Please print the listing that follows word for word, but skip any pictures it holds.

* [Data extract]:
*** Begin section ***
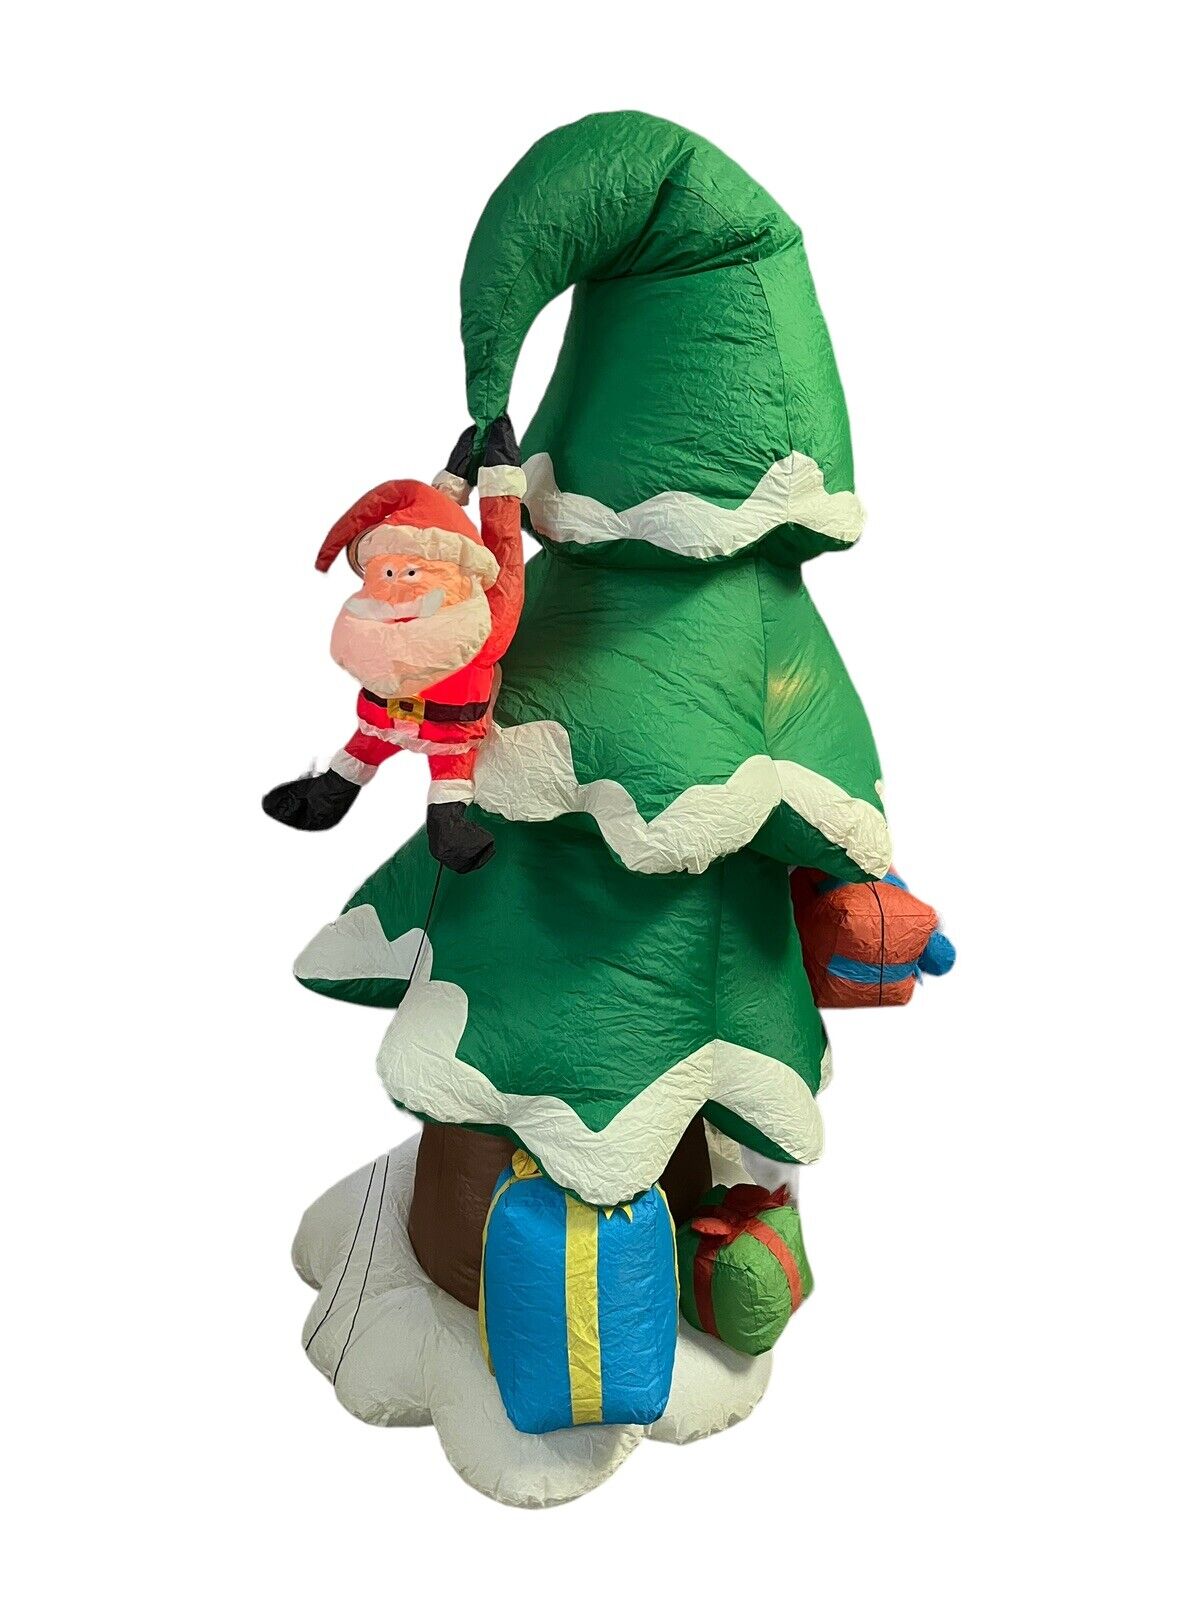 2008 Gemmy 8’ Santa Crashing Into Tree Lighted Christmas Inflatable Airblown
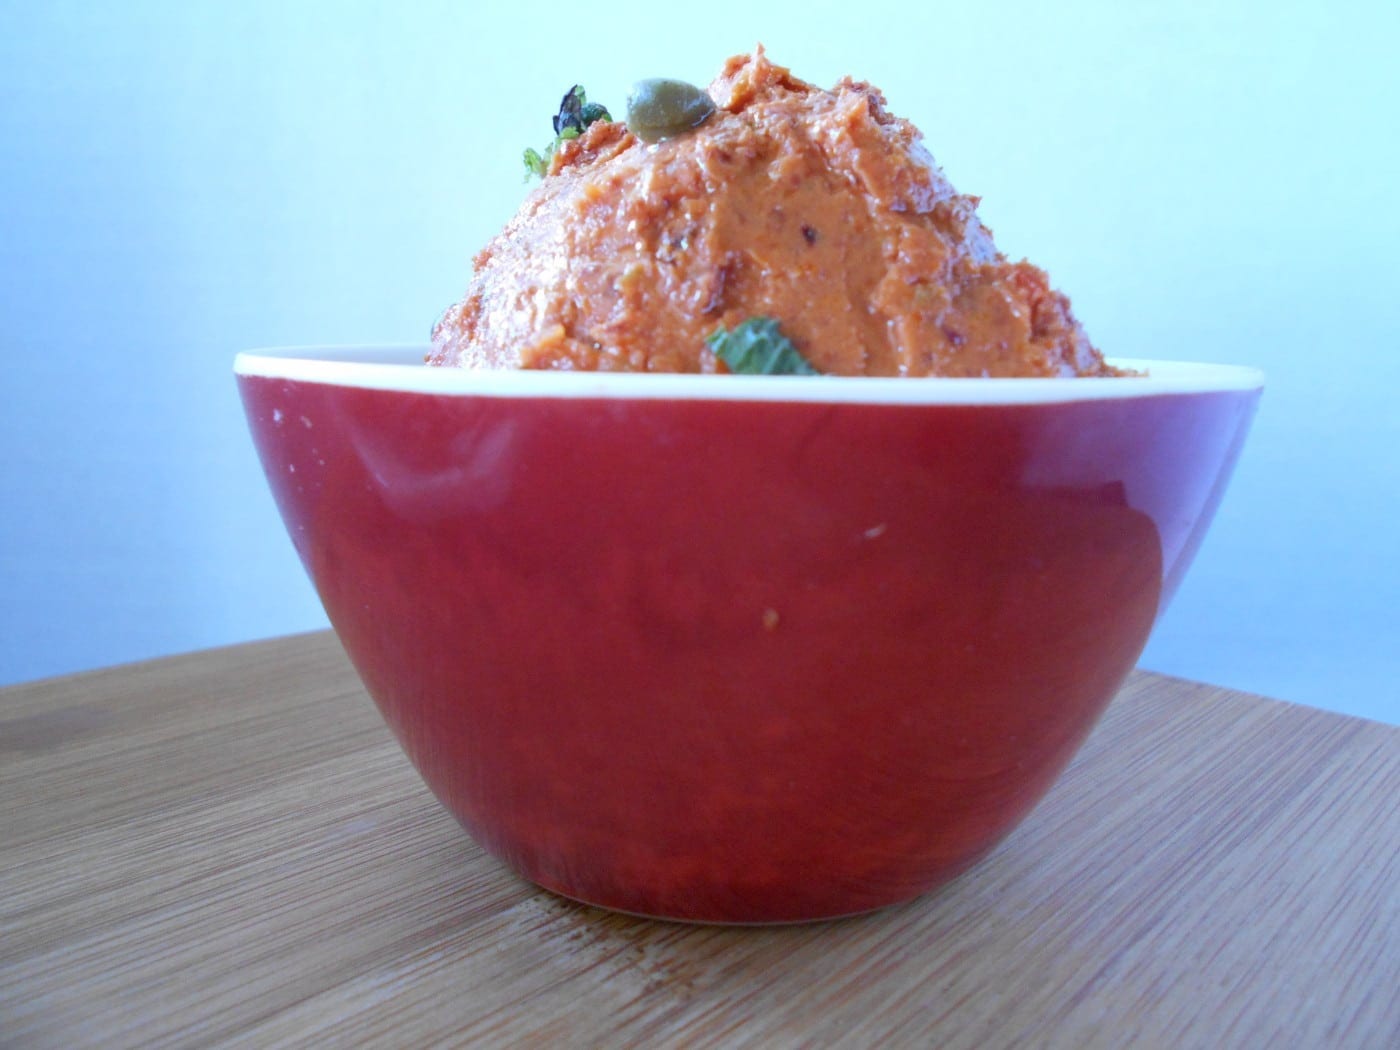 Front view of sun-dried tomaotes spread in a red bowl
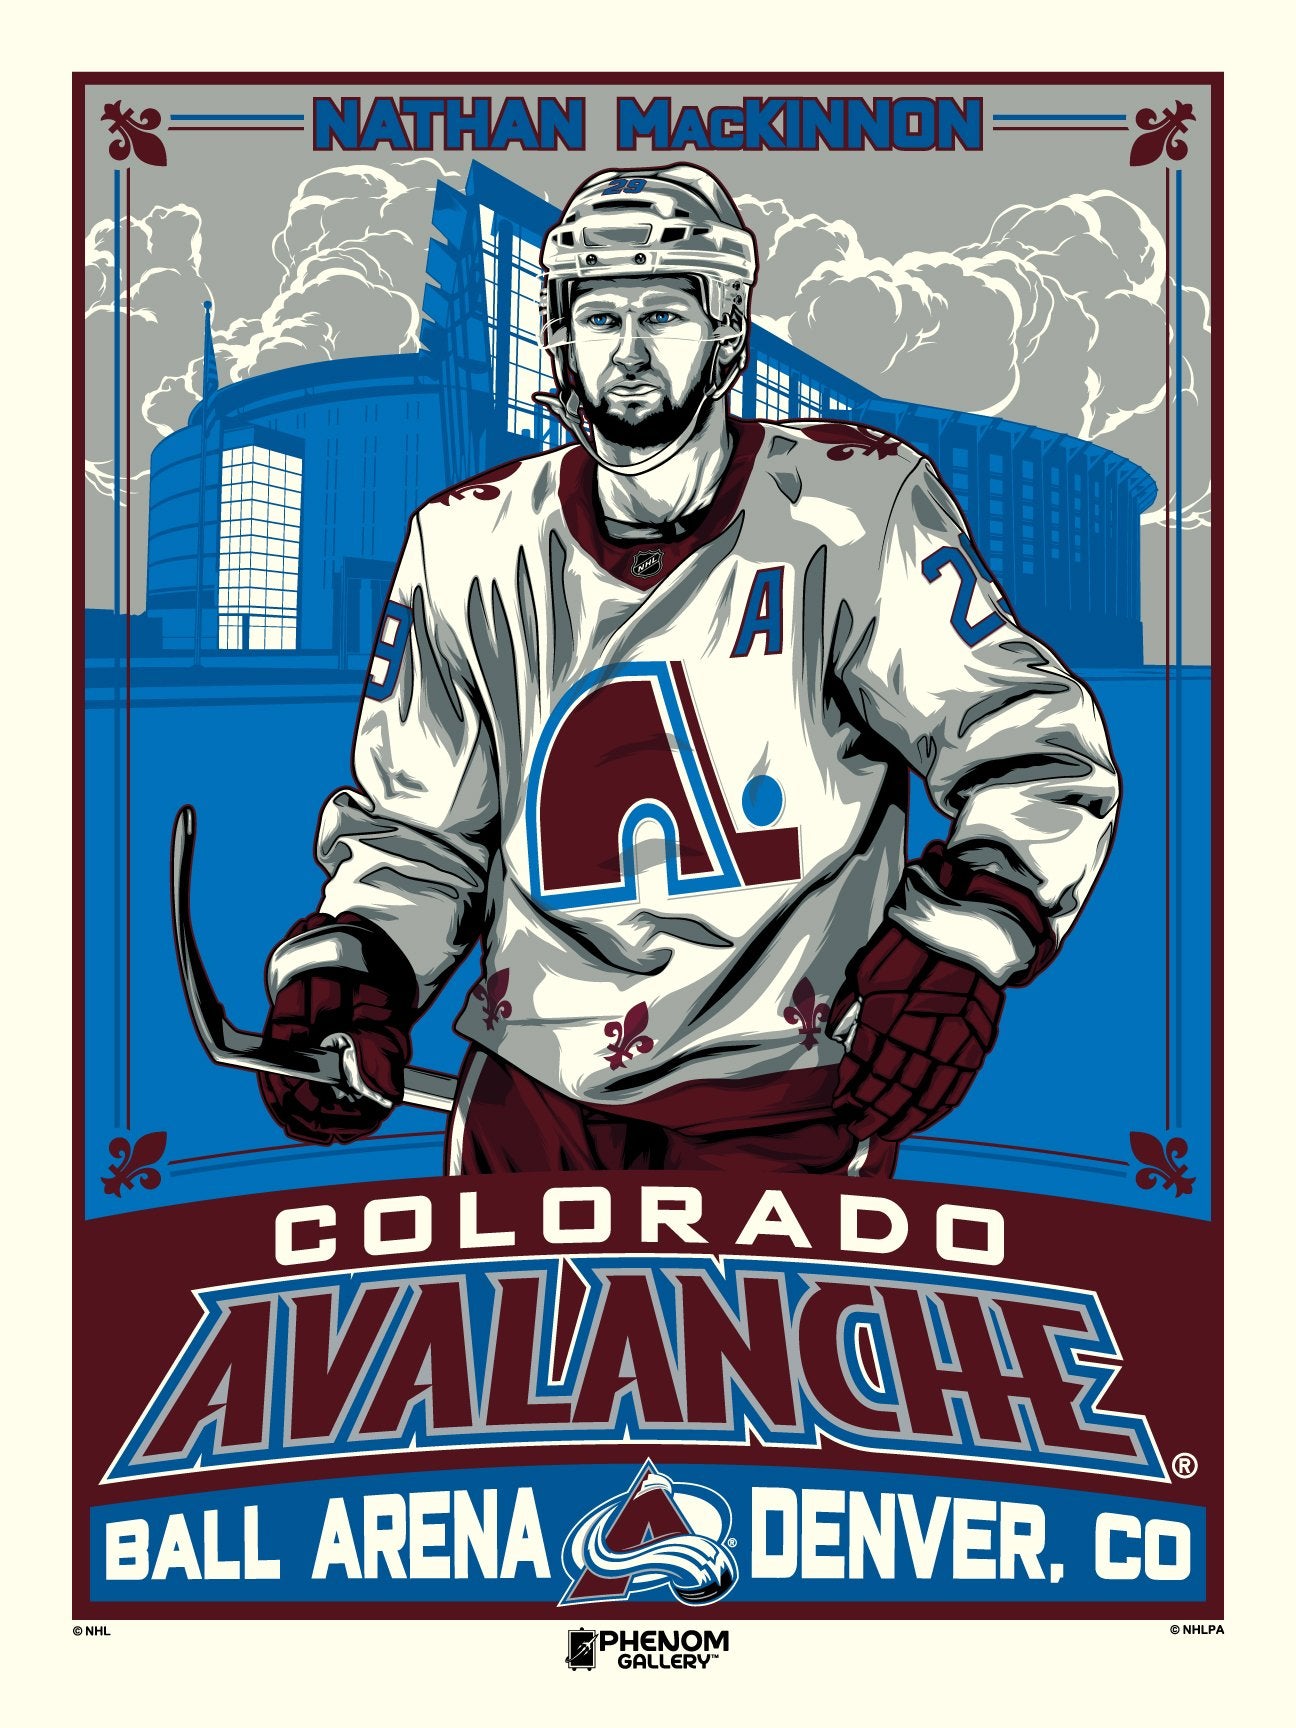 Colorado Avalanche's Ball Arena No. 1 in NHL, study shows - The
*** End section ***
* [Task solution]:
 2008 Gemmy 8’ Santa Crashing Into Tree Lighted Christmas Inflatable Airblown
 Front view of sun-dried tomaotes spread in a red bowl
 Colorado Avalanche's Ball Arena No. 1 in NHL, study shows - The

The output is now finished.